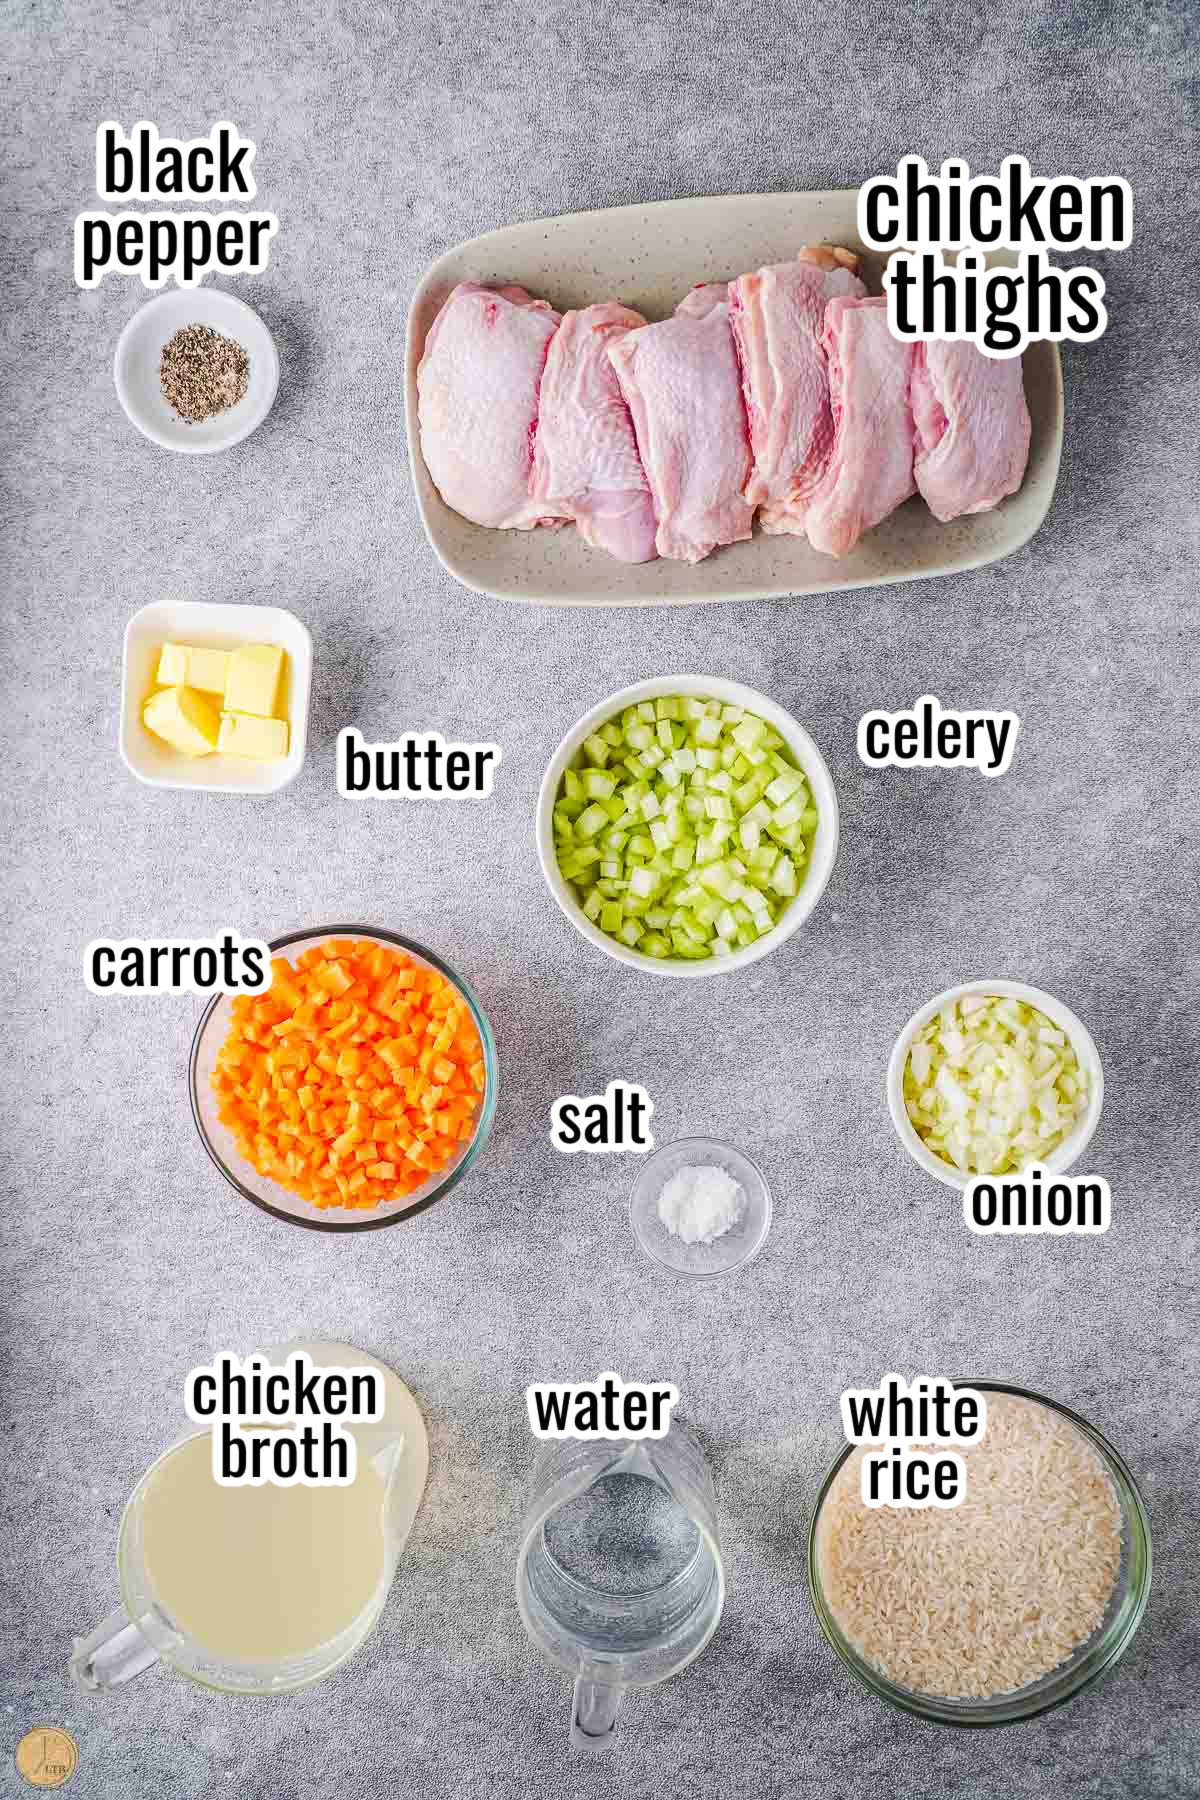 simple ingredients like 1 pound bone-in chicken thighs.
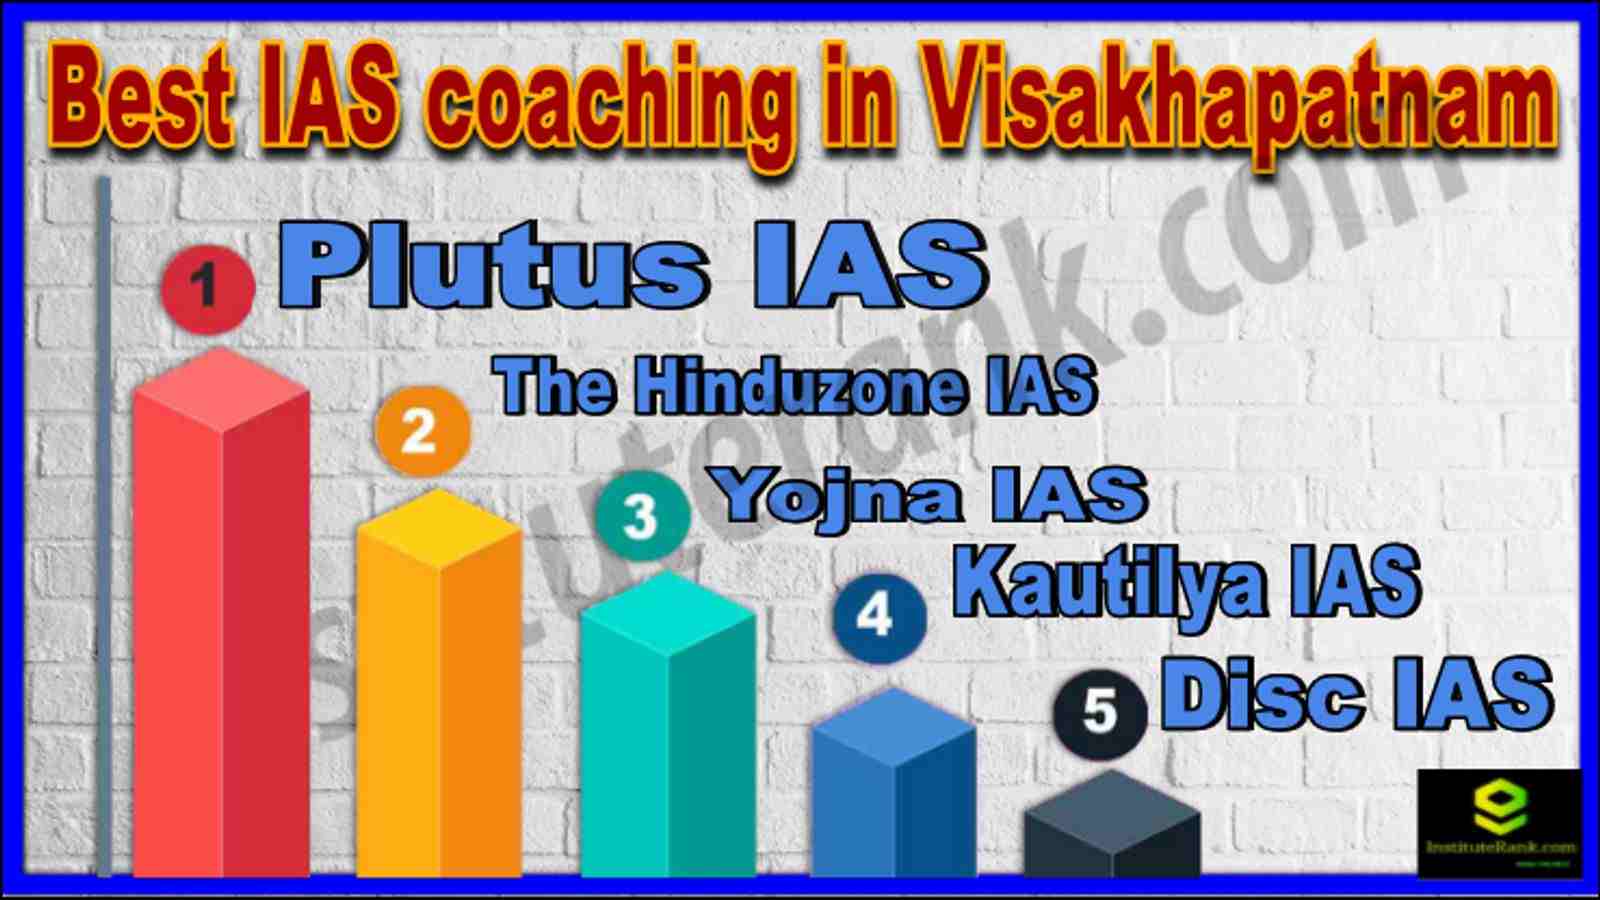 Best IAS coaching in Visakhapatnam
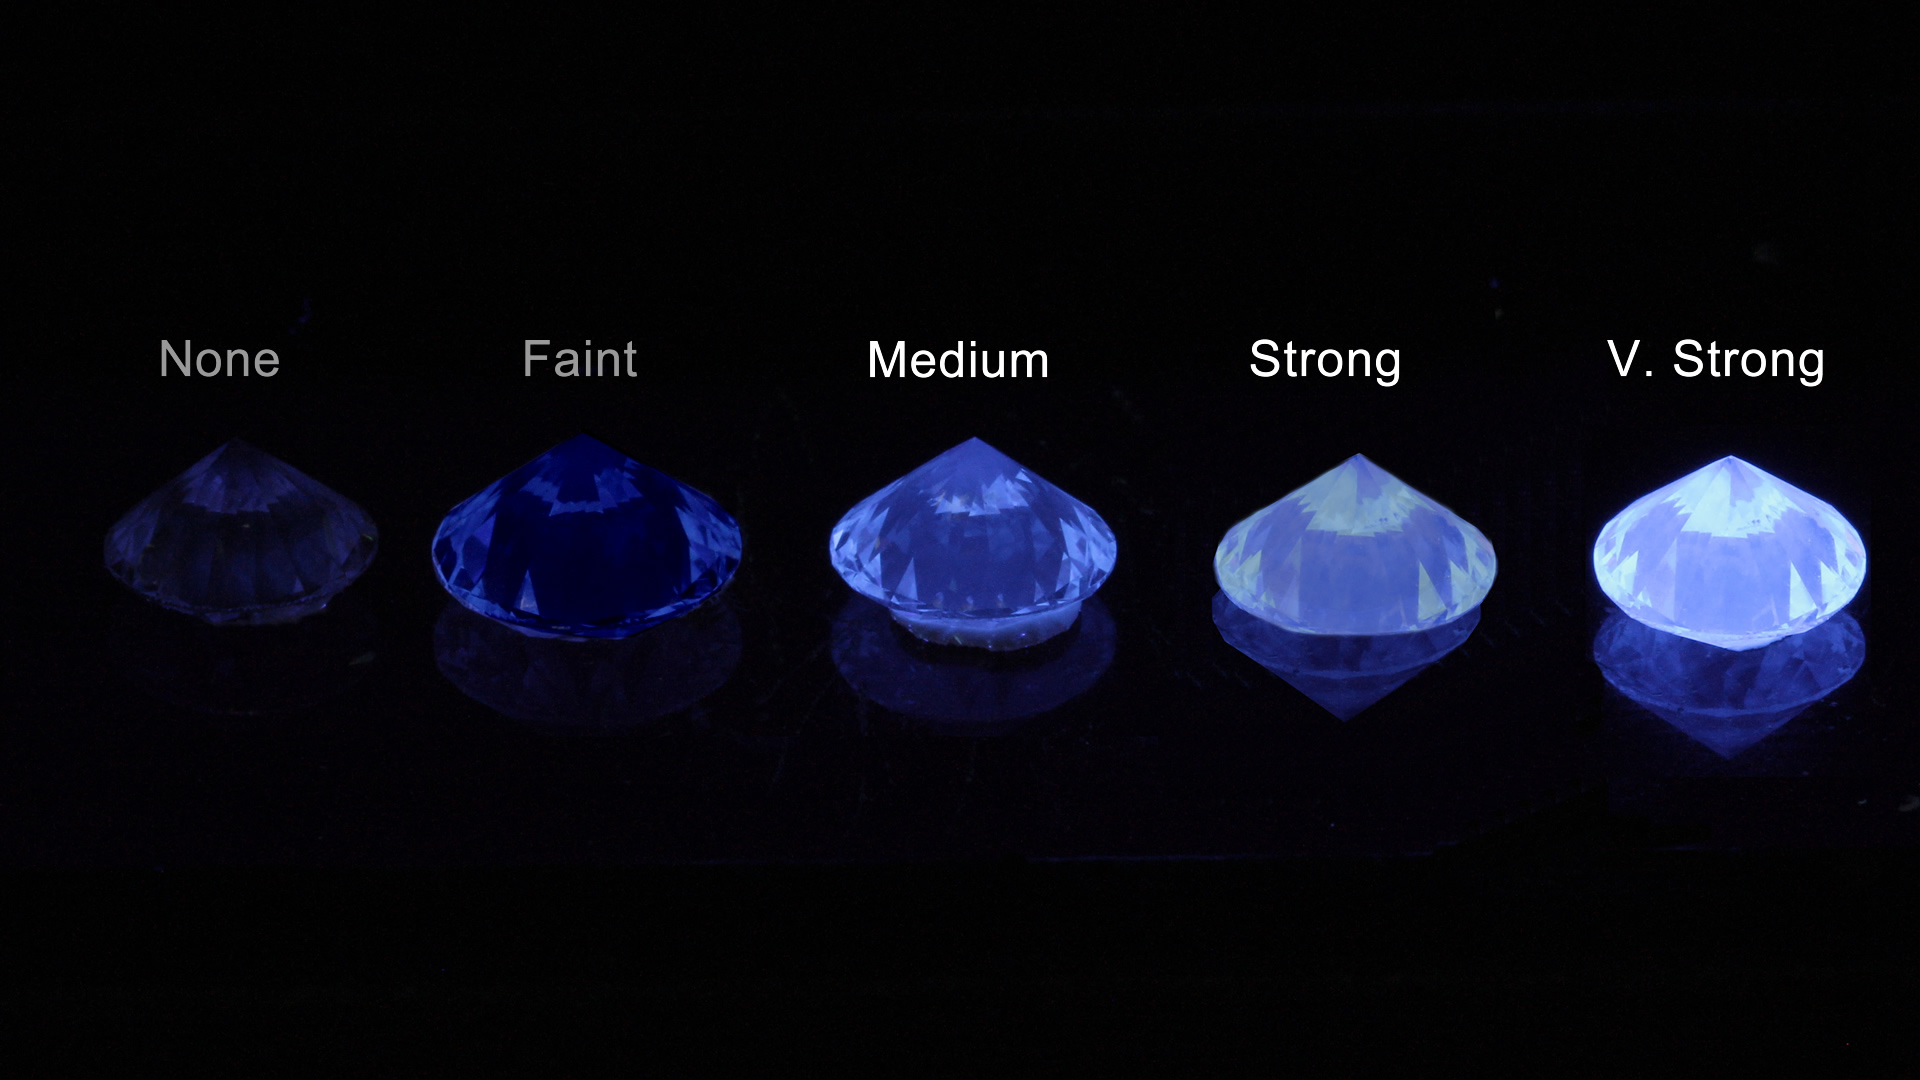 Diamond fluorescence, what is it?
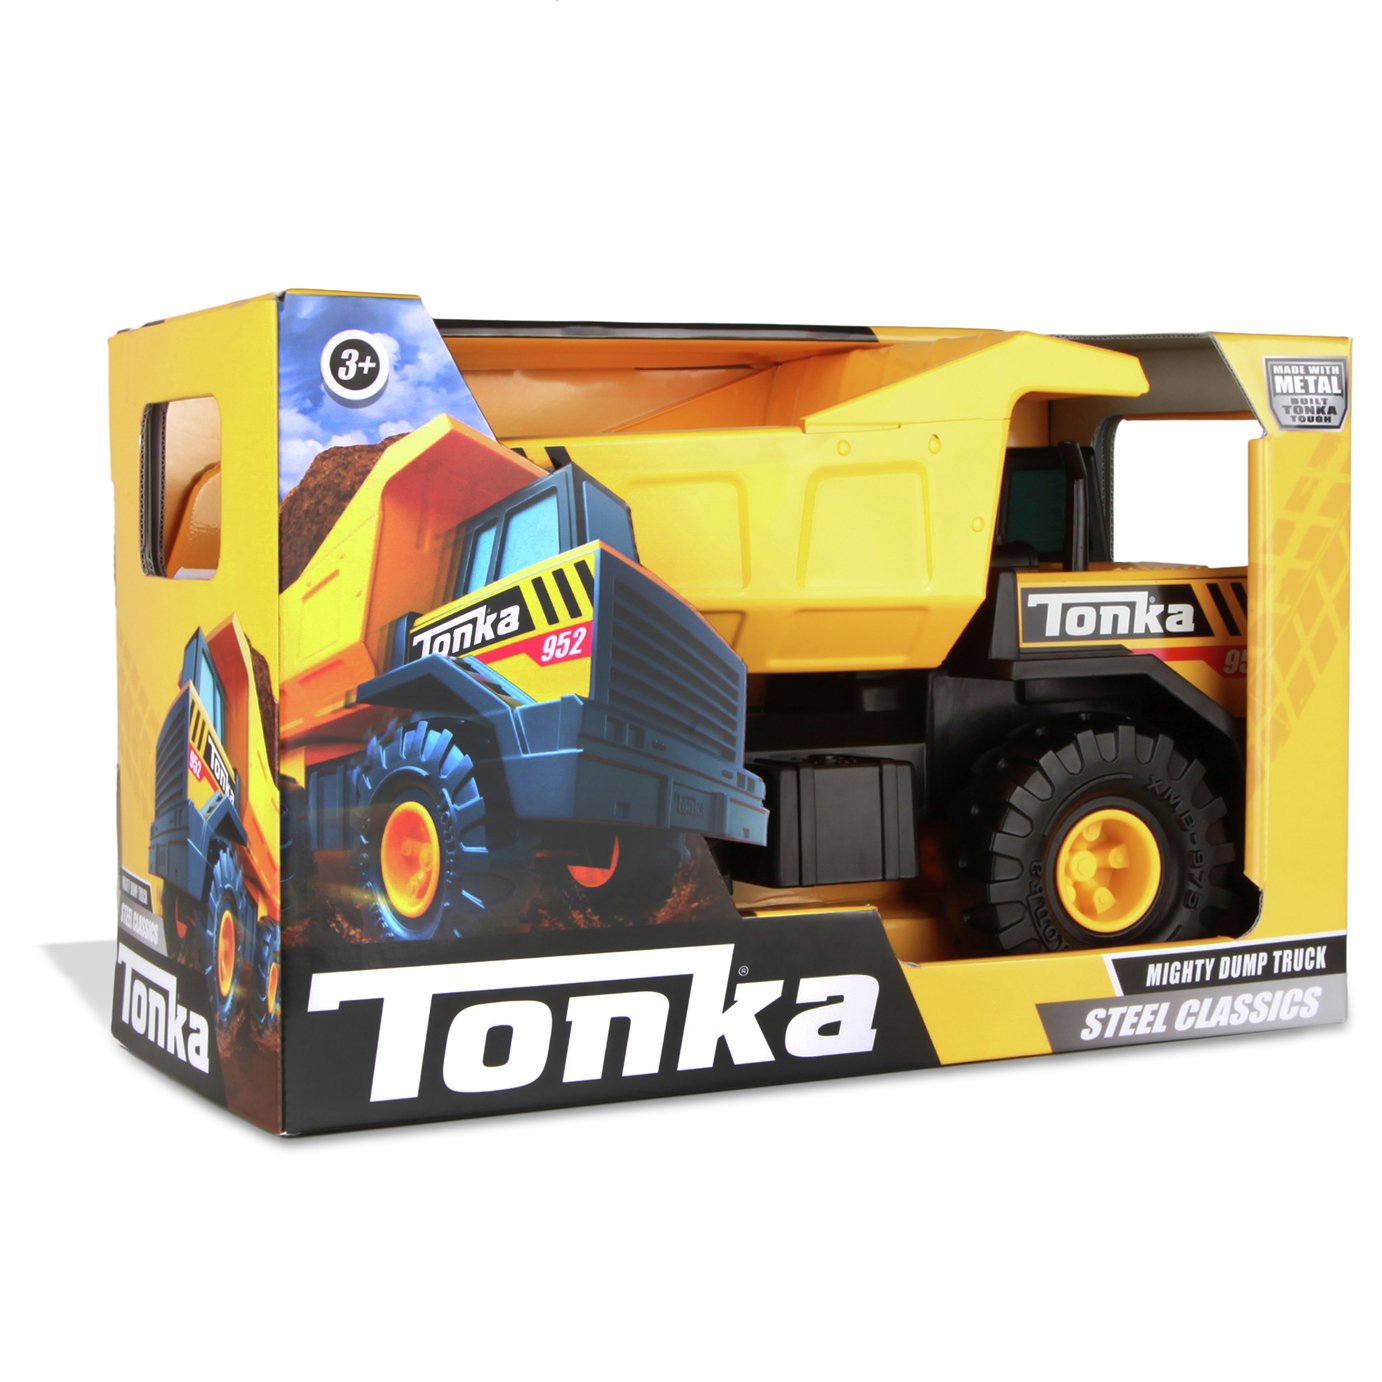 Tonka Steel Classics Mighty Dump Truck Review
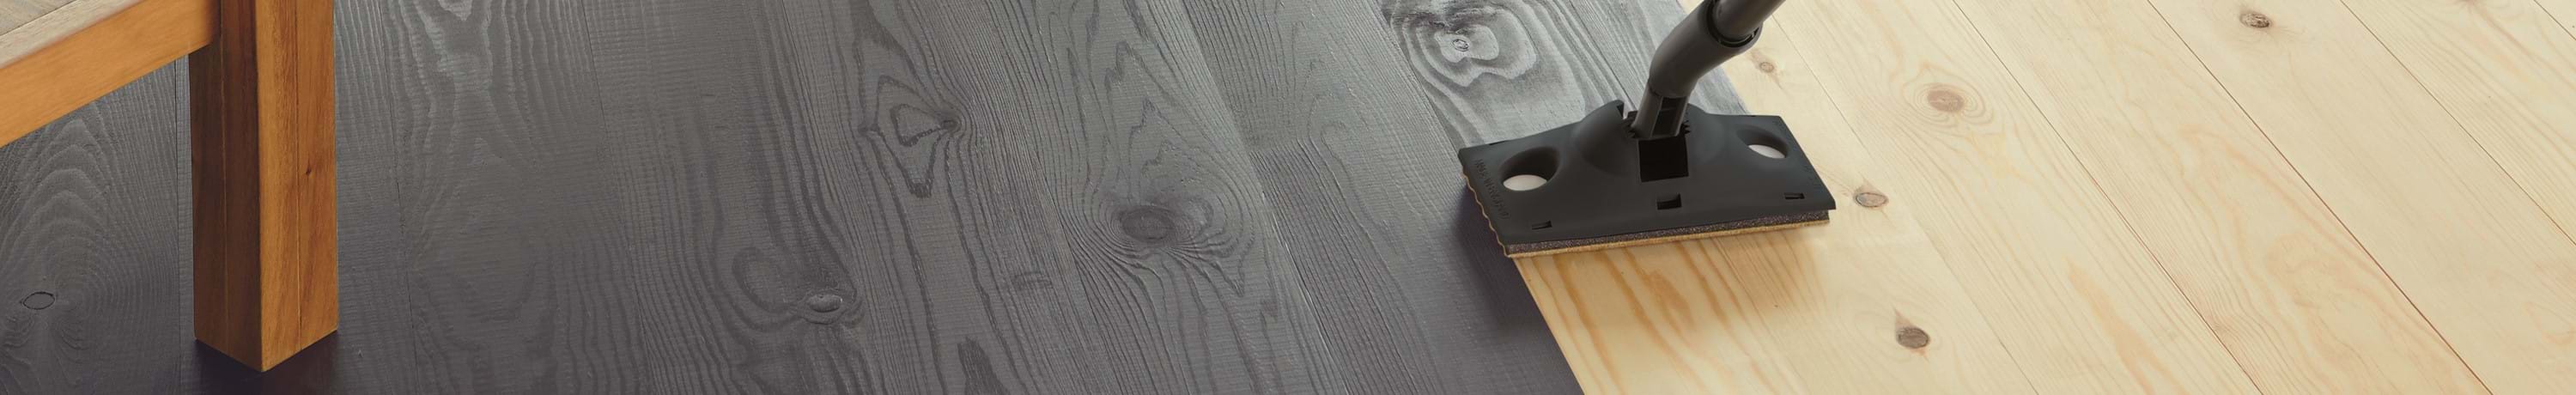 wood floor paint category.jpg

------------------------------------------------------------------------

WHAT TO WORK ON —
Beginning with the line that contains "Diamond fluorescence, what is it?" and ending with the final line of the material, reproduce those lines exactly and nothing else. Omit the pictures.

OUTPUT BELOW —
 Diamond fluorescence, what is it?
 Tonka Steel Classics Mighty Dump Truck Review
 wood floor paint category.jpg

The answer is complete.